Огромное, древнее, непостижимое. Оно не смотрело на неё – у него не было глаз. Не думало о ней – у него не было мыслей в человеческом смысле. Но оно знало, что она здесь. Ощущало её, как человек ощущает муравья, ползущего по коже.
И оно было… больно?
Нет, не так. Оно было – нарушено. Разбалансировано. Что-то внутри него сбилось с ритма, и это причиняло… не боль, но что-то похожее. Дискомфорт? Тревогу?
Рэйчел потянулась к этому ощущению – не рукой, не мыслью, чем-то третьим. Она хотела понять, хотела помочь, хотела…
Присутствие повернулось к ней.
Не физически – у него не было тела, которое могло бы поворачиваться. Но его внимание сфокусировалось на ней, и это было как… как стоять перед прожектором. Как быть единственной точкой во вселенной, на которую направлен взгляд бога.
«Помоги», – услышала она. Не словами – образами, ощущениями, чем-то, что её мозг отчаянно пытался перевести в понятные категории.
«Помоги. Помоги. Помоги».
Рэйчел проснулась, хватая ртом воздух.
Научный модуль. Кресло. Терминал. Иллюминатор. Реальность навалилась на неё, как холодный душ.
Сон. Это был только сон.
Но руки тряслись, и сердце колотилось так, словно она пробежала марафон.
Она посмотрела на часы: 16:47. Проспала почти три часа. За иллюминатором Тау Кита вернулась в центр обзора – станция завершила очередной оборот.
Звезда выглядела как всегда. Золотисто-оранжевый диск, ровное сияние.
Но теперь, когда Рэйчел смотрела на неё, она не могла отделаться от ощущения, что звезда смотрит в ответ.
«Помоги».
Голос из сна – если это можно было назвать голосом – всё ещё звенел в её голове. Не слова. Не язык. Чистое ощущение, переведённое мозгом во что-то понятное.
«Это был только сон», – повторила она себе. – «Мозг переутомлён. Он берёт данные, которые я анализировала, и выстраивает из них нарратив. Это нормально. Это объяснимо».
Но она не верила собственным словам.
Рэйчел встала с кресла – ноги затекли, пришлось несколько секунд топтаться на месте, восстанавливая кровообращение. Потом подошла к иллюминатору.

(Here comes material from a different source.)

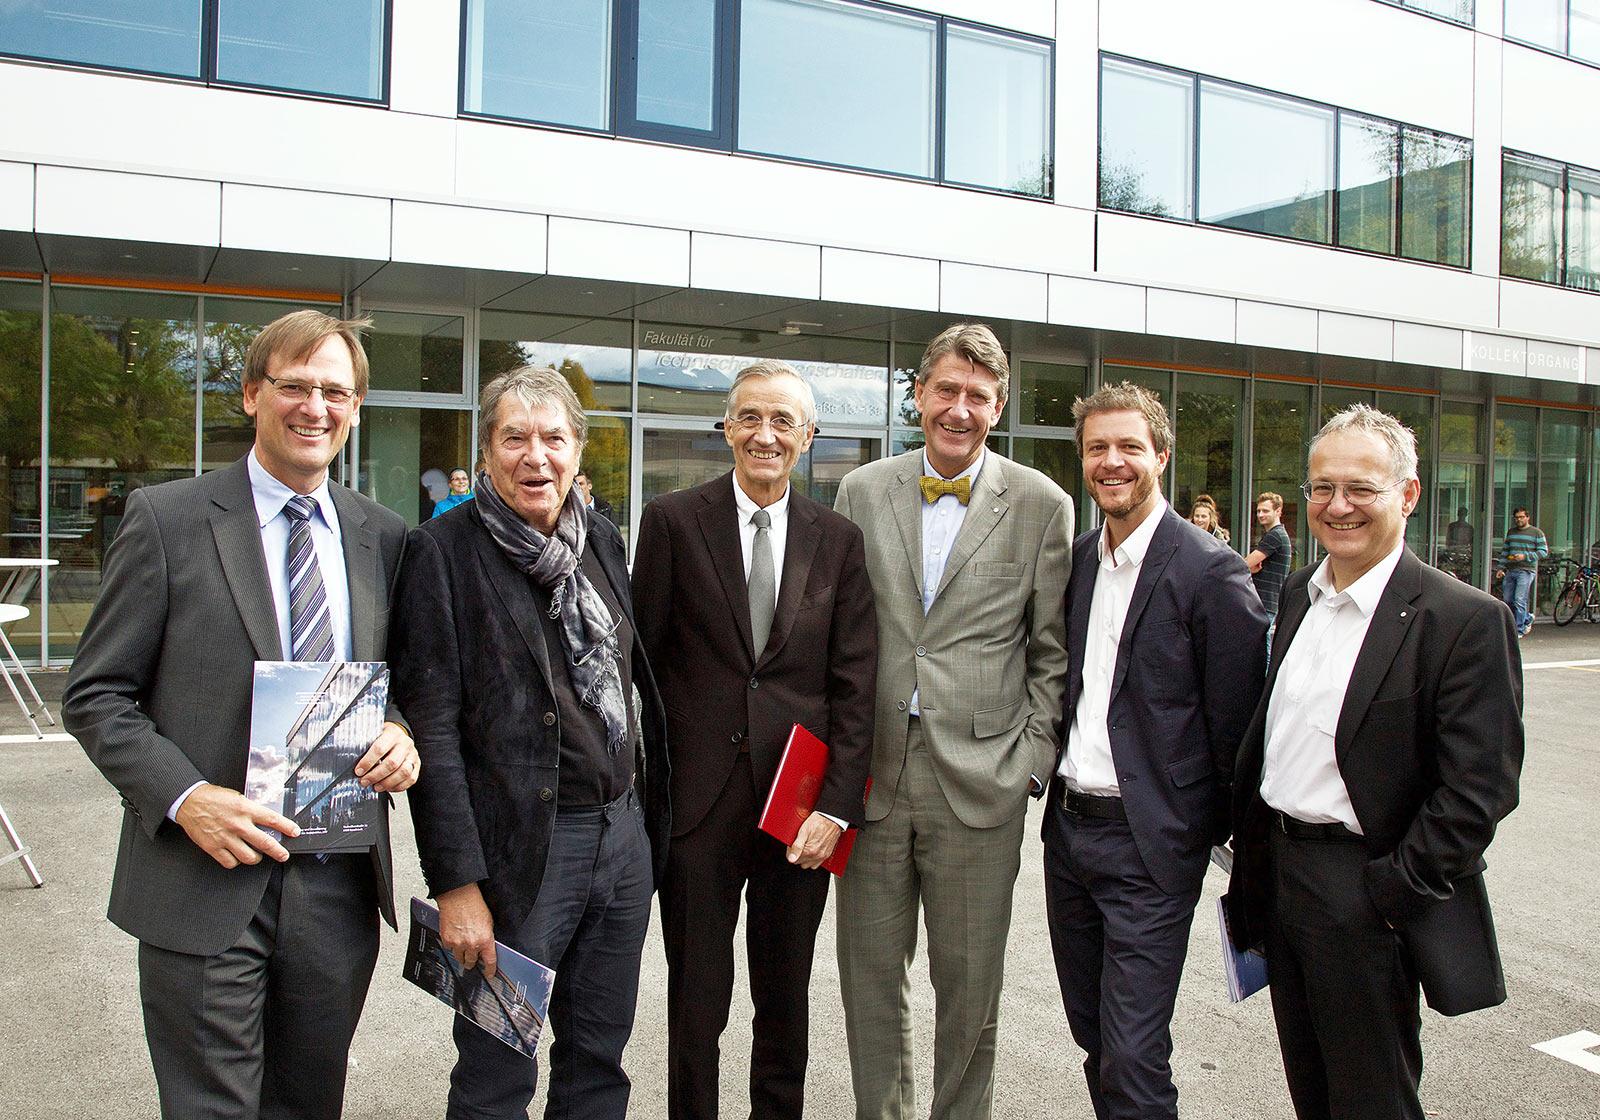 From left: Professor Dr. Arnold Tautschnig, Professor Dr. Arnold Klotz, Professor Dr. Dr. Tilmann D. Märk (Rector), Professor Christoph M. Achammer (CEO ATP), Architect Paul Ohnmacht (PLP, ATP), Architect Hans Kotek (GPL, ATP). Photo: ATP/Wett

Звезда. Огромная, равнодушная, вечная. Миллиарды лет она горела здесь, задолго до того, как первый человек поднял глаза к небу. И будет гореть ещё миллиарды лет после того, как последний человек умрёт.
Что такое одна жизнь для звезды? Что такое одна станция, один корабль, одна цивилизация?
Ничего. Пылинка. Мгновение.
И всё же…
«Помоги».
Рэйчел прижала ладонь к стеклу. Холодное, гладкое под пальцами. За ним – пятнадцать миллионов километров пустоты, и за ней – ад. Миллионы градусов, давление, способное раздавить планету, энергия, выделяемая каждую секунду, – больше, чем человечество потребило за всю историю.